Ulbricht thanks Dr. Schmidt for his letter with information on the Brazilian Communist Party.
October 28, 1963
Letter from Johann Lorenz Schmidt to Walter Ulbricht on Brazil
Prof. Dr. JOHANN LORENZ SCHMIDT
Comrade Walter U l b r i c h t [Personal!]
First Secretary of the Central Committee of the SED
B e r l i n C 2
Dear Comrade Ulbricht!
I recently returned from a research and lecture trip to Brazil and I would like to report on two developments that are, in my opinion, of particular importance.
1. I had many interviews with Comrade Luis Carlos Prestes, the first secretary of our Brazilian brother-party, as well as with another other member of the Brazilian party leadership. These conversations, as well as other interviews, revealed that the Brazilian party, which had been dominated by a dogmatic and sectarian attitude since 1958, has by and large overcome this.
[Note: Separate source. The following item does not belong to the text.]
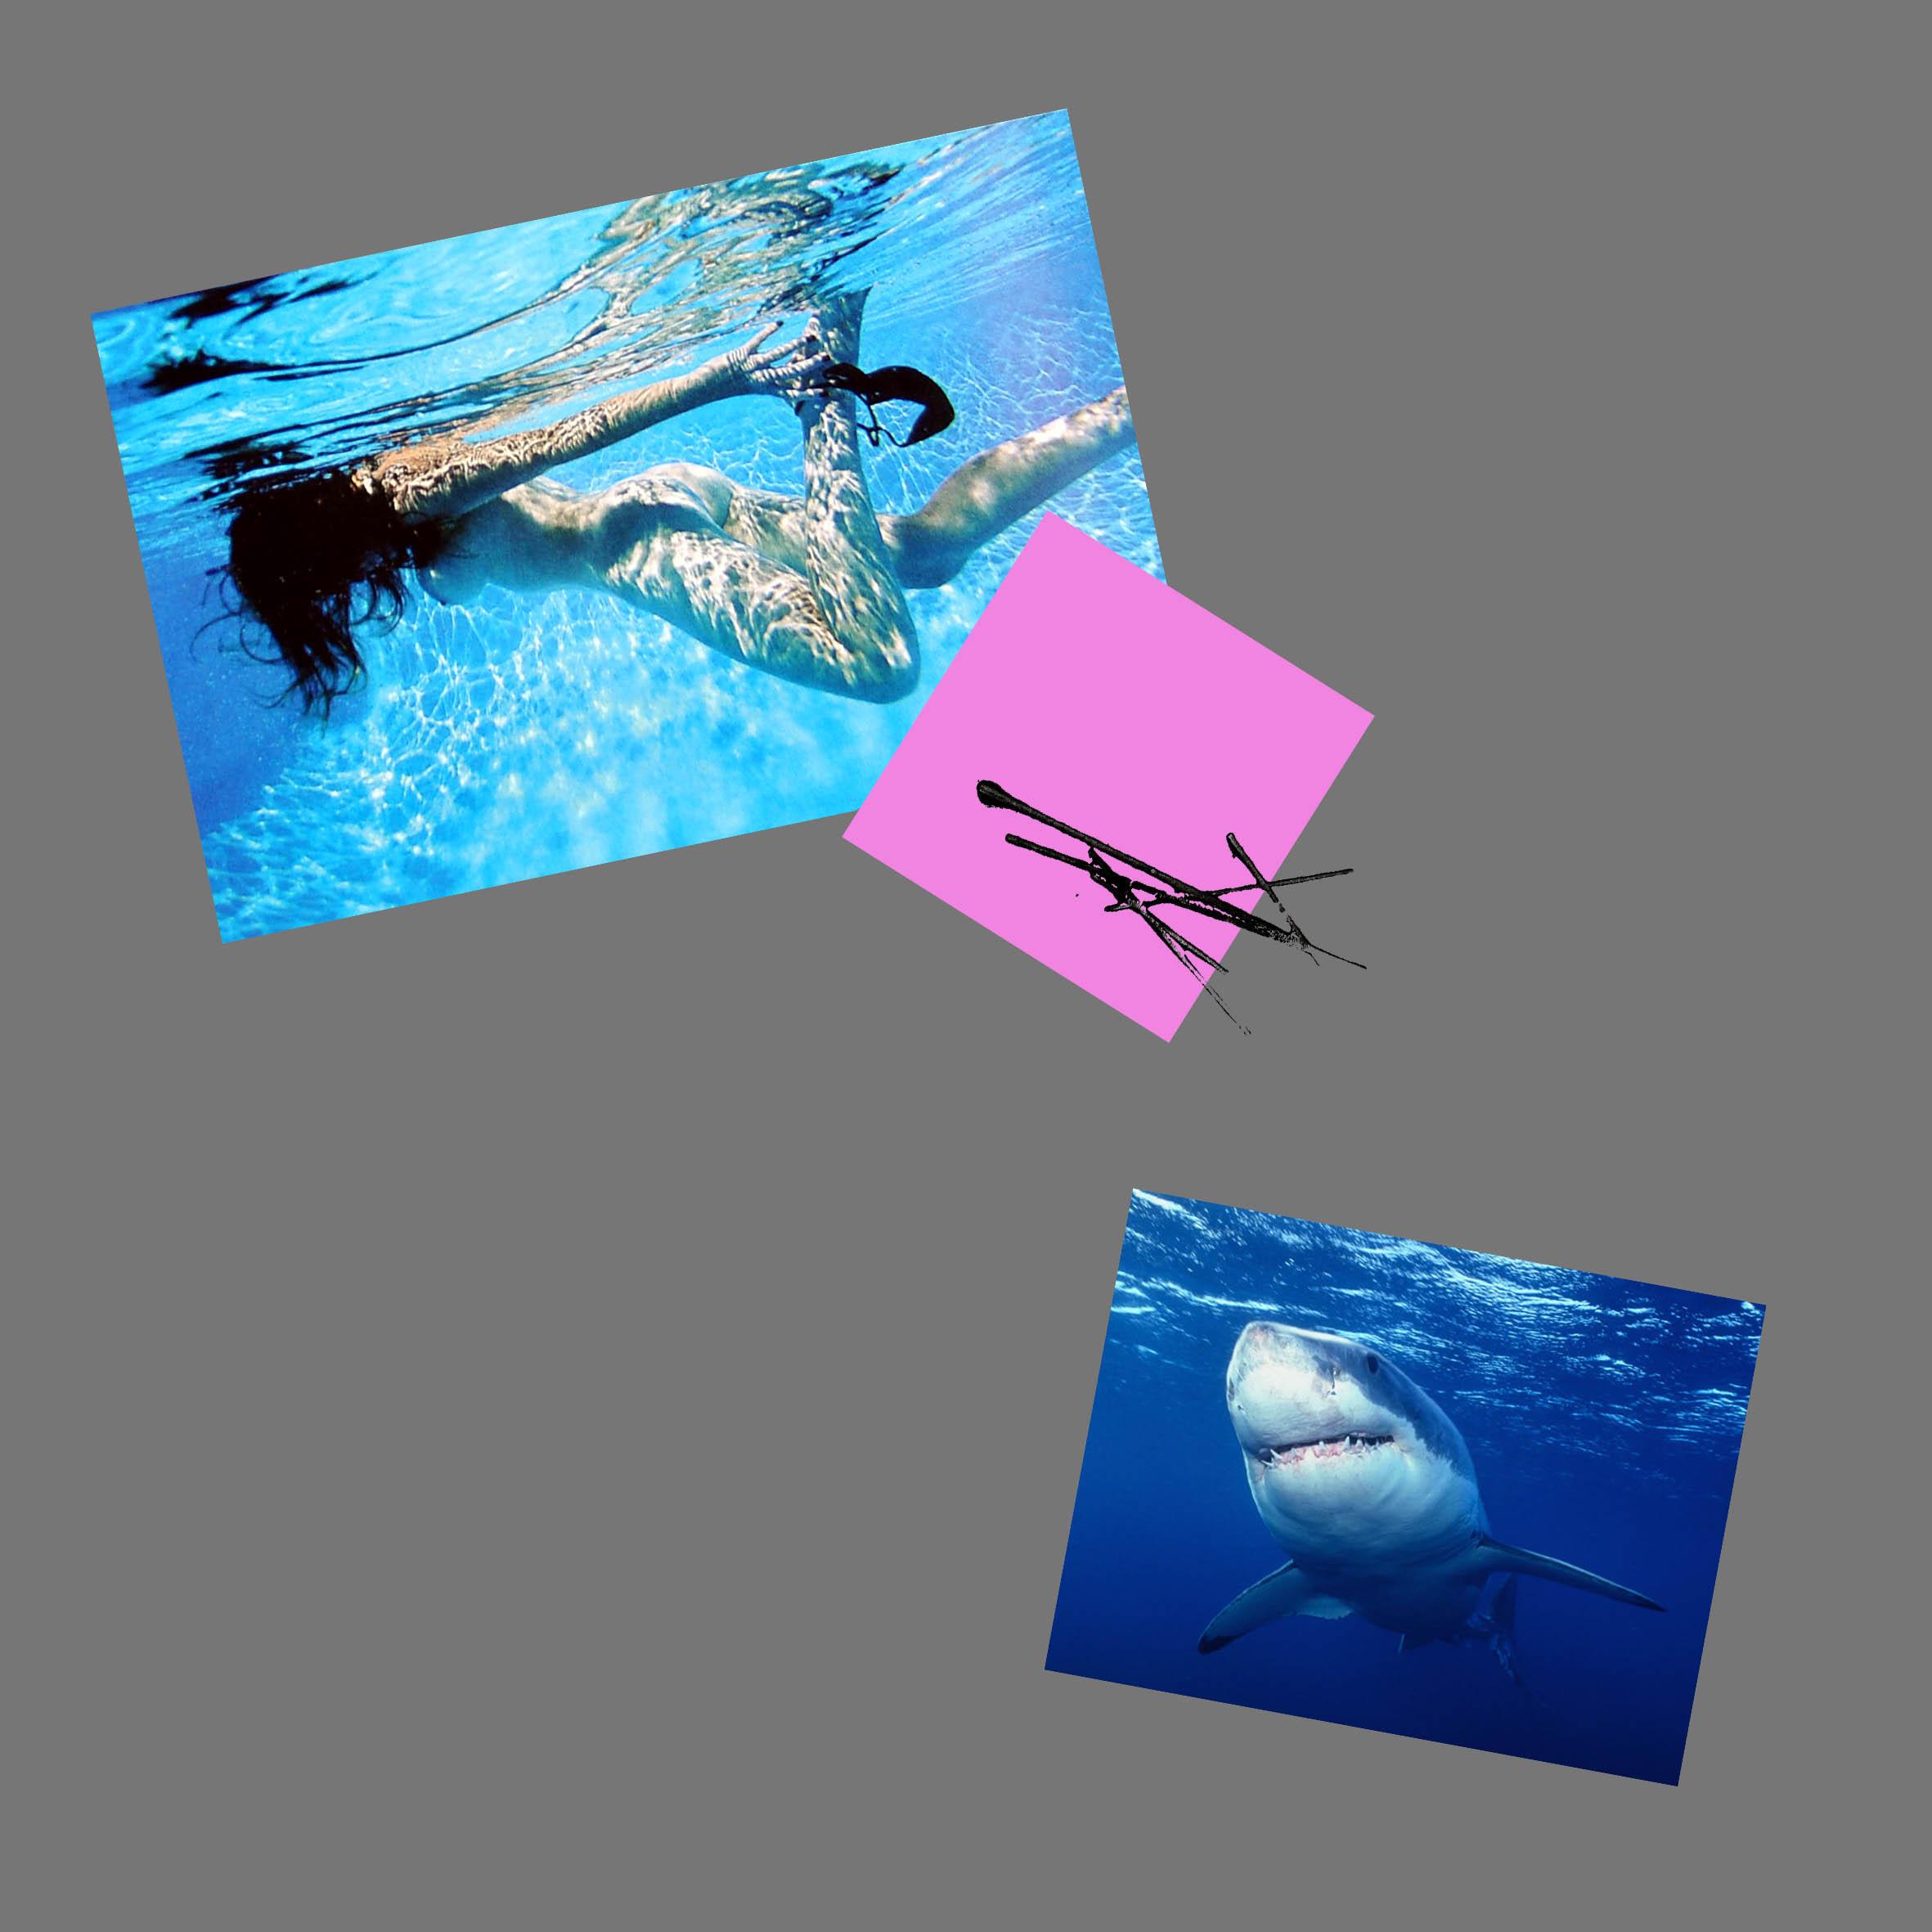 Destini incrociati, 2015, Digital   fine art e timbri su tela, cm 60x60

Albeit, there are still sectarian remnants demonstrated by the [actions of the] Brazilian Party, for example, during the election of the most important Brazilian state, Sao Paulo, the Party did not support the bourgeoise-progressive candidate Janio Quadros, which became one of the main reasons that the markedly fascist politician Ademar do Barros was elected. (The candidate, who the Brazilian party had denied their support for, was the former President Quadros, who, during his short time in office, reopened diplomatic relations with the Soviet Union and adopted a resolution to open diplomatic relations with the other socialist countries.) As a result of the victory of the ultra-reactionary do Barros, the two most important states of the Brazilian federation, Sao Paulo and Guanabara, came under the control of fascist governors.
2. Comrade Prestes recounted his visit to Cuba and his conversations with Fidel Castro to me very extensively. He said to me, among other things, that the Chinese influence in Cuba is extremely strong and is even increasing. (I also note that another leading Brazilian comrade said to me that “the Cubans show their stomachs to the Soviet Union, but they give their hearts to China.”) The Cuban daily newspapers write very much in the spirit of the dogmatic and ultra-left views of the Chinese party. The advice that Fidel Castro gives to Comrades from other Latin American countries is very much in the spirit of the Chinese ultra-radical line.
Comrade Prestes notes the ultra-radical Cuban economic policy as especially dangerous. He mentioned, among other items, that even workshops employing only three men were nationalized, a measure that the Cuban state cannot possibly handle administratively.
Comrade Prestes also said to me, that above all other items, has discussed this question very openly and critically. Fidel Castro, however, has not answered him in any way on this question. Comrade Prestes also noted, as a major deficiency, that the new Unity Party barely functions organizationally.
While the direct Chinese influence in Brazil is very minimal and limited to a small group that was ejected from the Party, the indirect Chinese influence through Cuba is somewhat stronger. Different Brazilian comrades told me that the peasant leader Juliao bought up farms in different states with Cuban support, where he allows the training of guerrilla troops (partially from students, partially from peasants). The standing peasant revolution in Pernambuco under the leadership of Juliao has recently shown terroristic traits. However, the influence of Julio on the Brazilian peasantry has decreased in the last year.
I felt it was my duty, dear Comrade Ulbricht, to inform you regarding these developments.
With socialist greetings!
(Prof. Dr. Johann Lorenz Schmidt)
Johann Lorenz Schmidt reports on meetings with General Secretary of the Brazilian Communist Party, Luis Carlos Prestes, during which they discussed the strong Chinese influence in Cuba.